Exercise brief
What is needed is an exact copy of the data below, pictures excluded.

Information shown
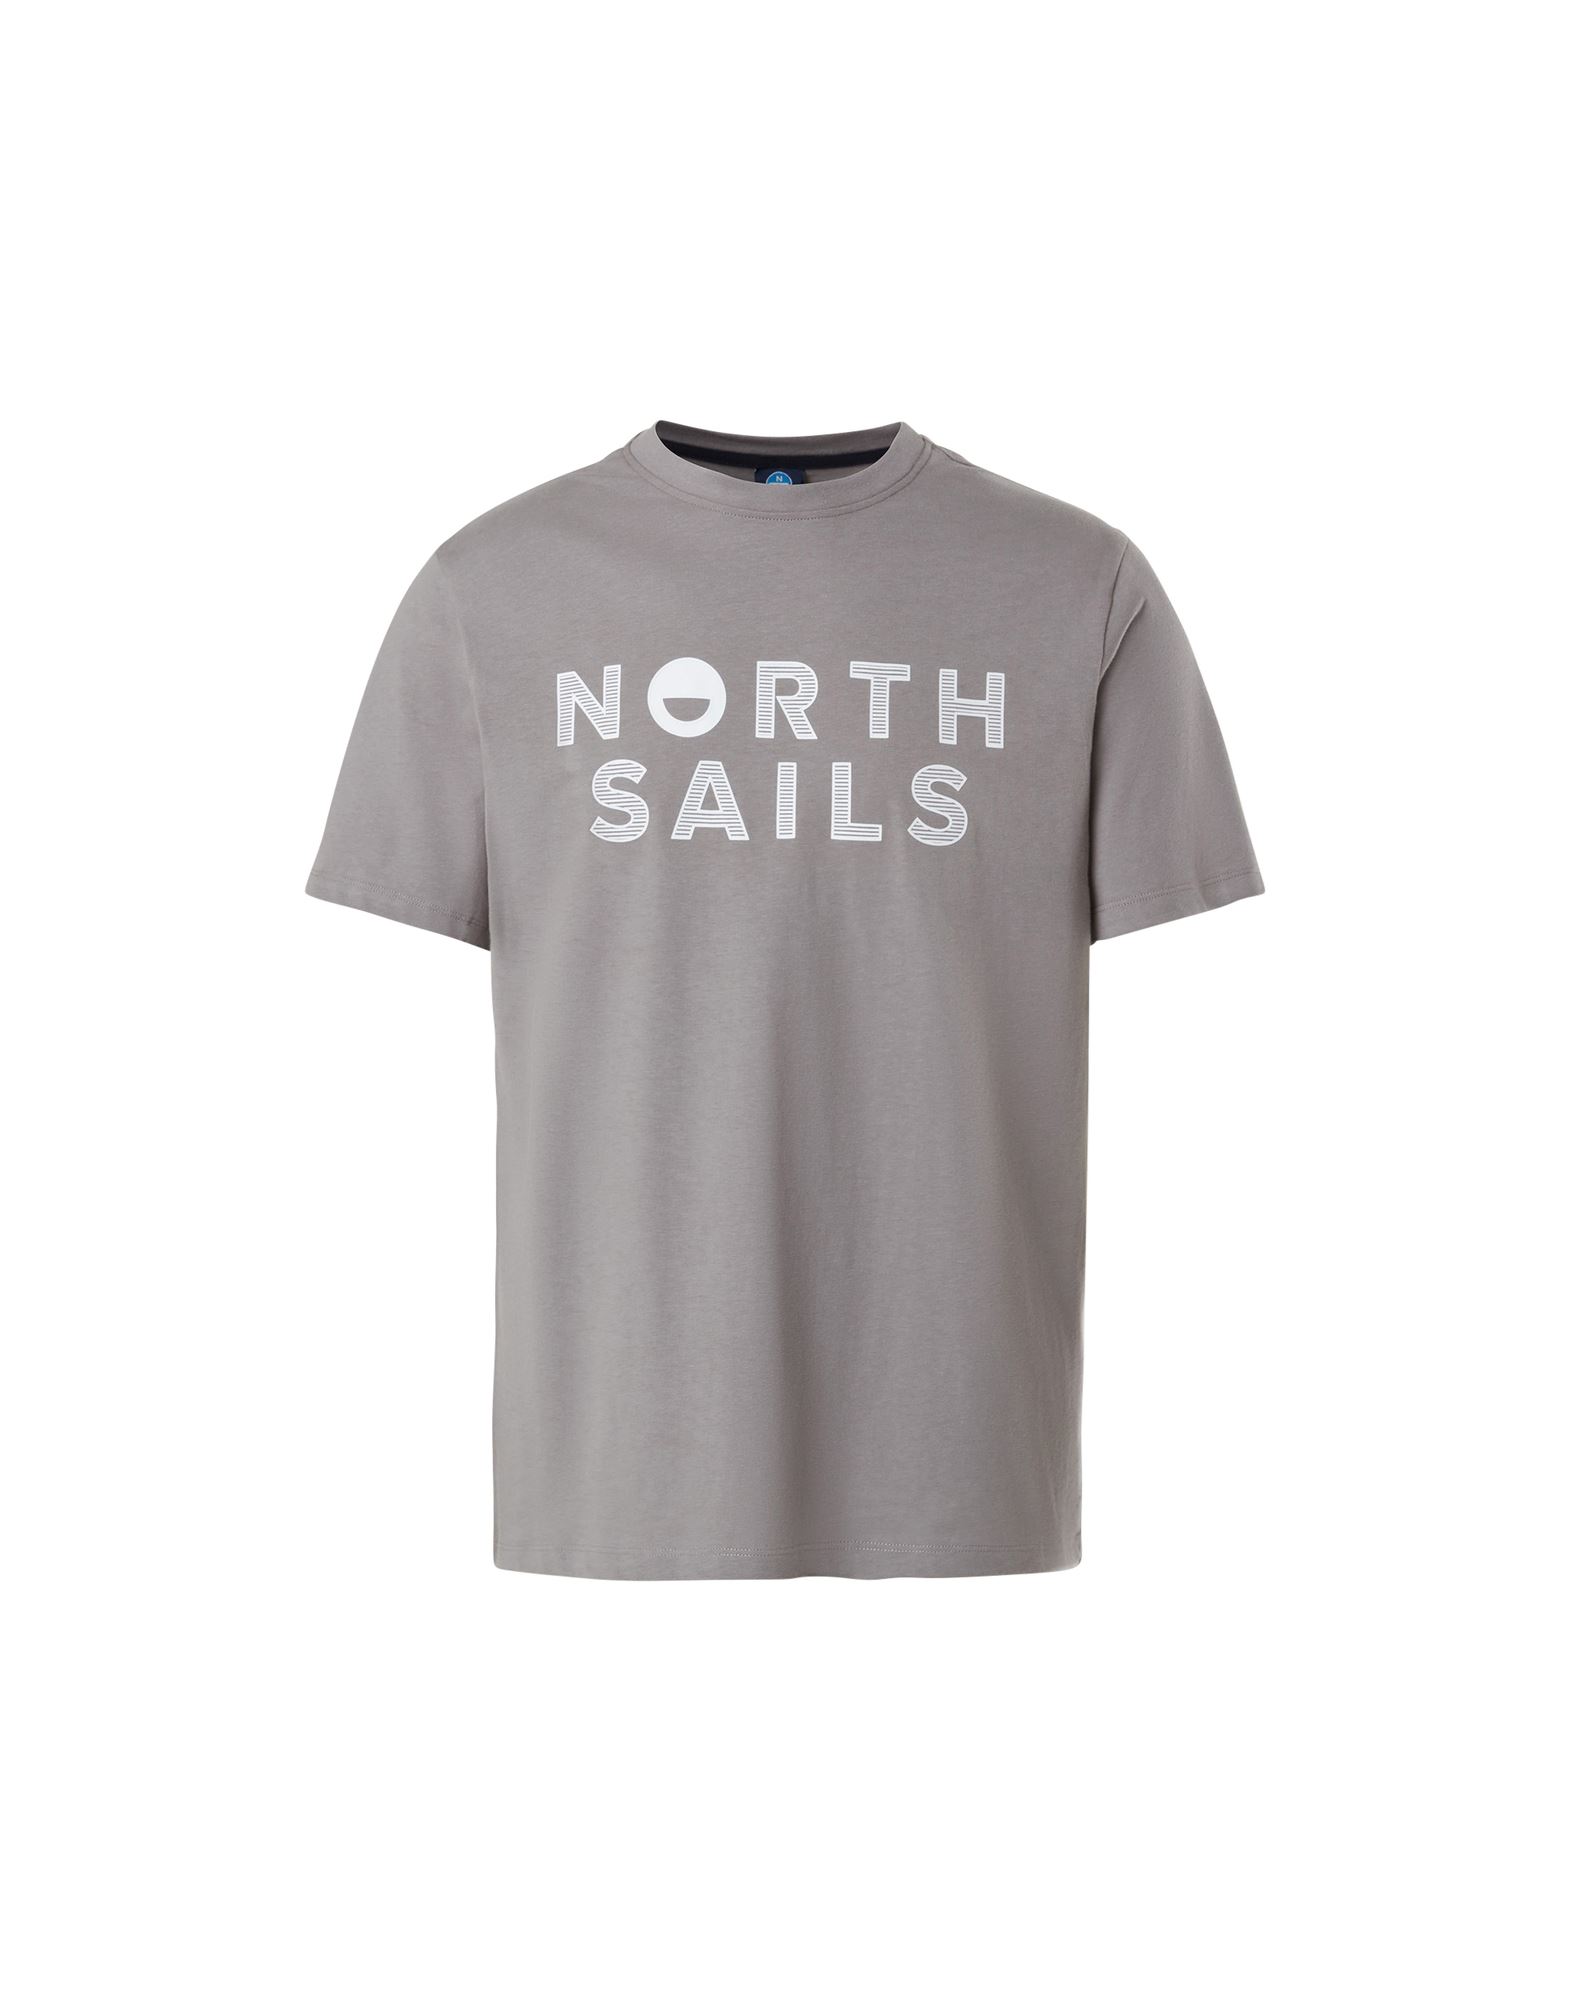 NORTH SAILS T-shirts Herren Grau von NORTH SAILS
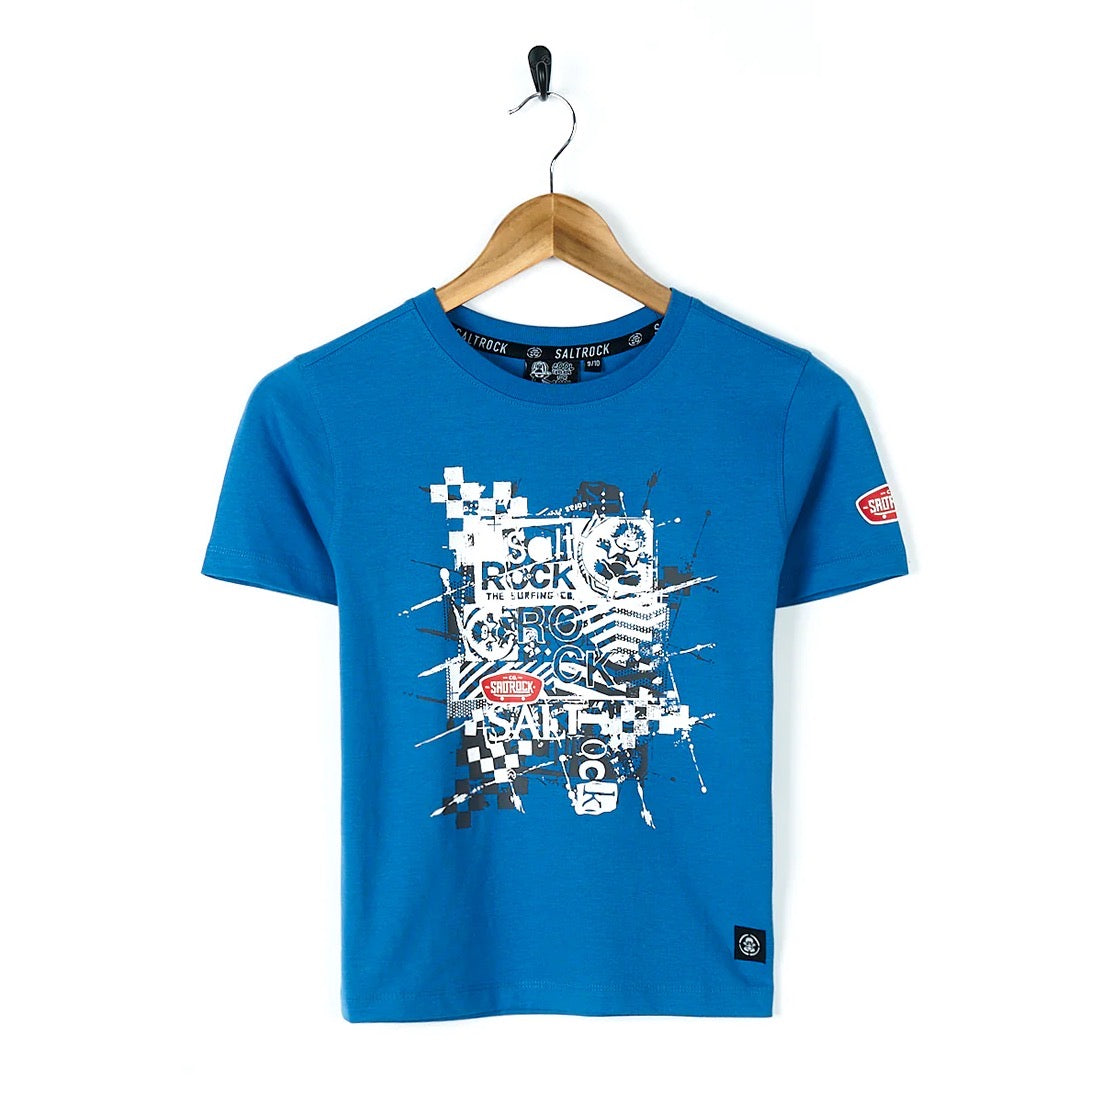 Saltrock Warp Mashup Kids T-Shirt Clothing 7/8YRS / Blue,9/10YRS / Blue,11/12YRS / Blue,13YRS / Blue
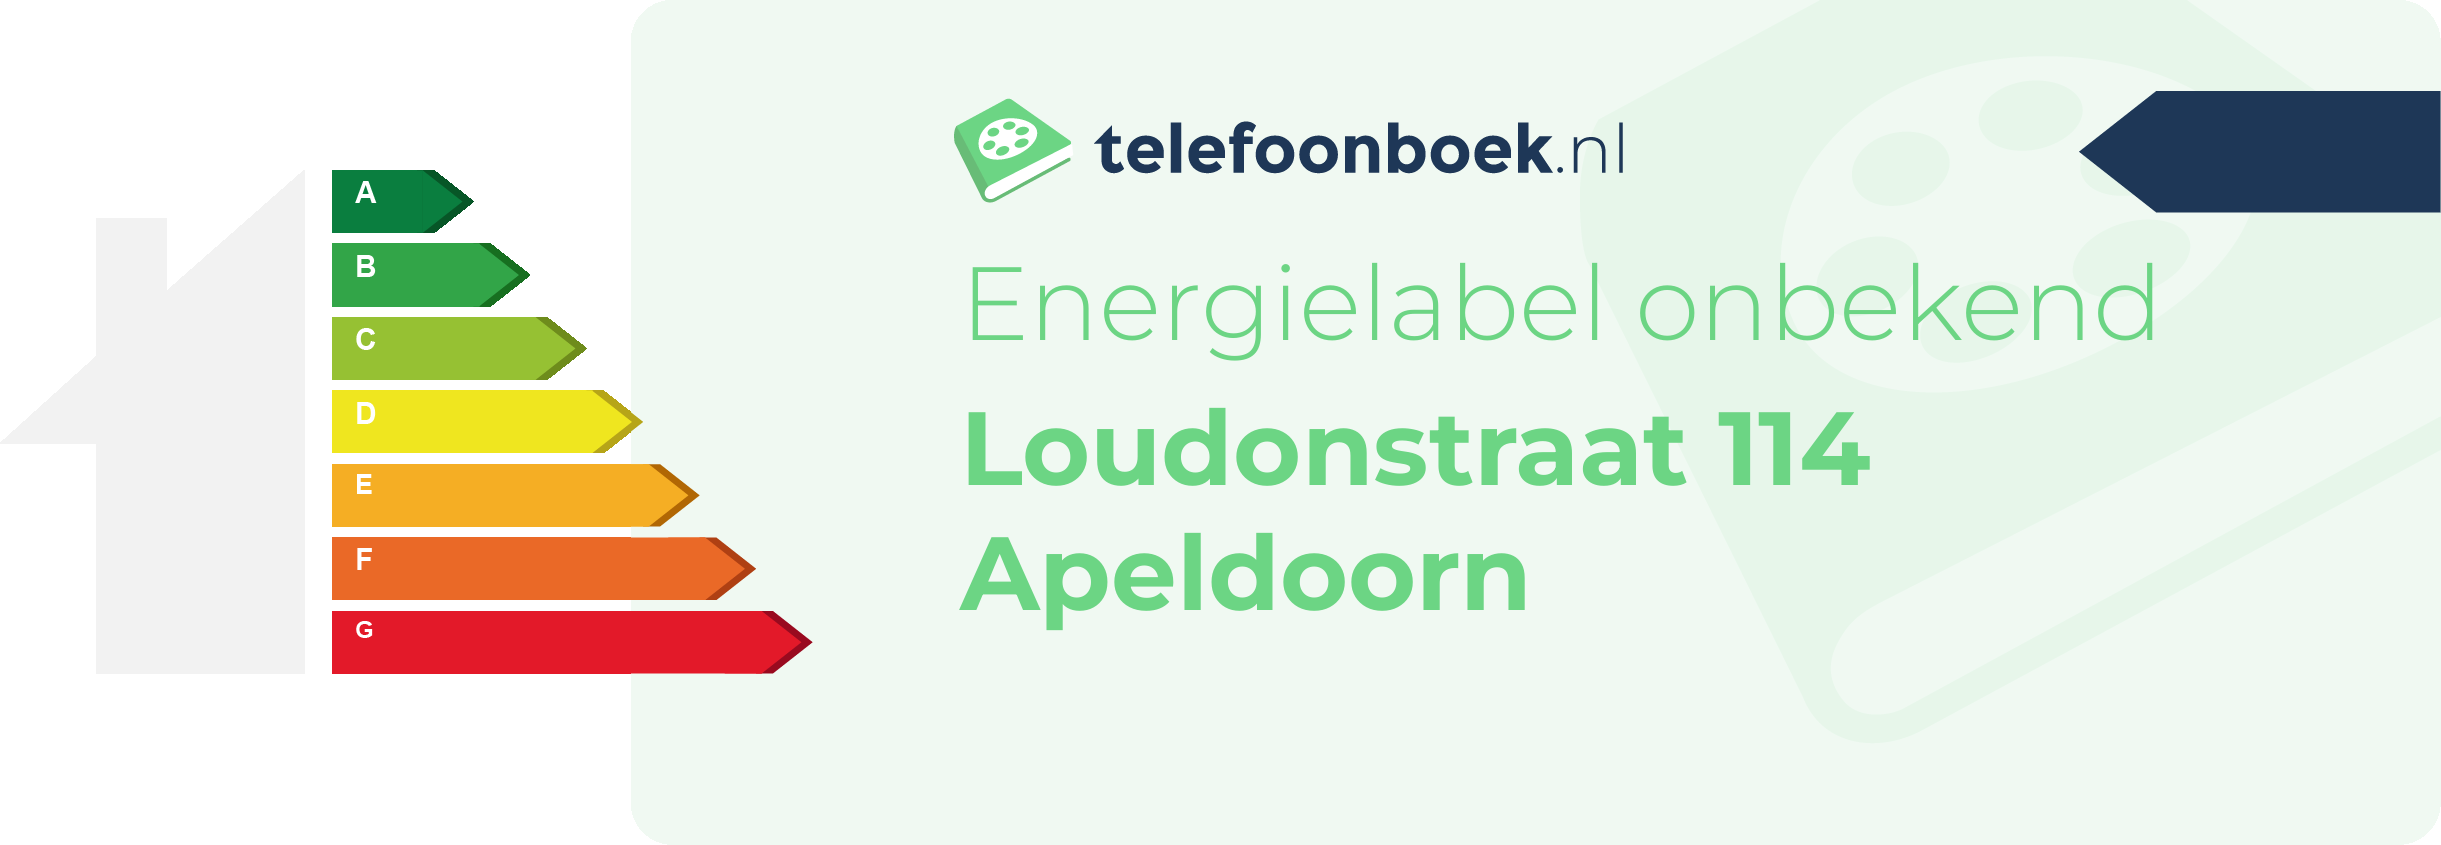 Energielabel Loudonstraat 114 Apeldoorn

Written response
 NORTH SAILS T-shirts Herren Grau von NORTH SAILS
 Saltrock Warp Mashup Kids T-Shirt Clothing 7/8YRS / Blue,9/10YRS / Blue,11/12YRS / Blue,13YRS / Blue
 Energielabel Loudonstraat 114 Apeldoorn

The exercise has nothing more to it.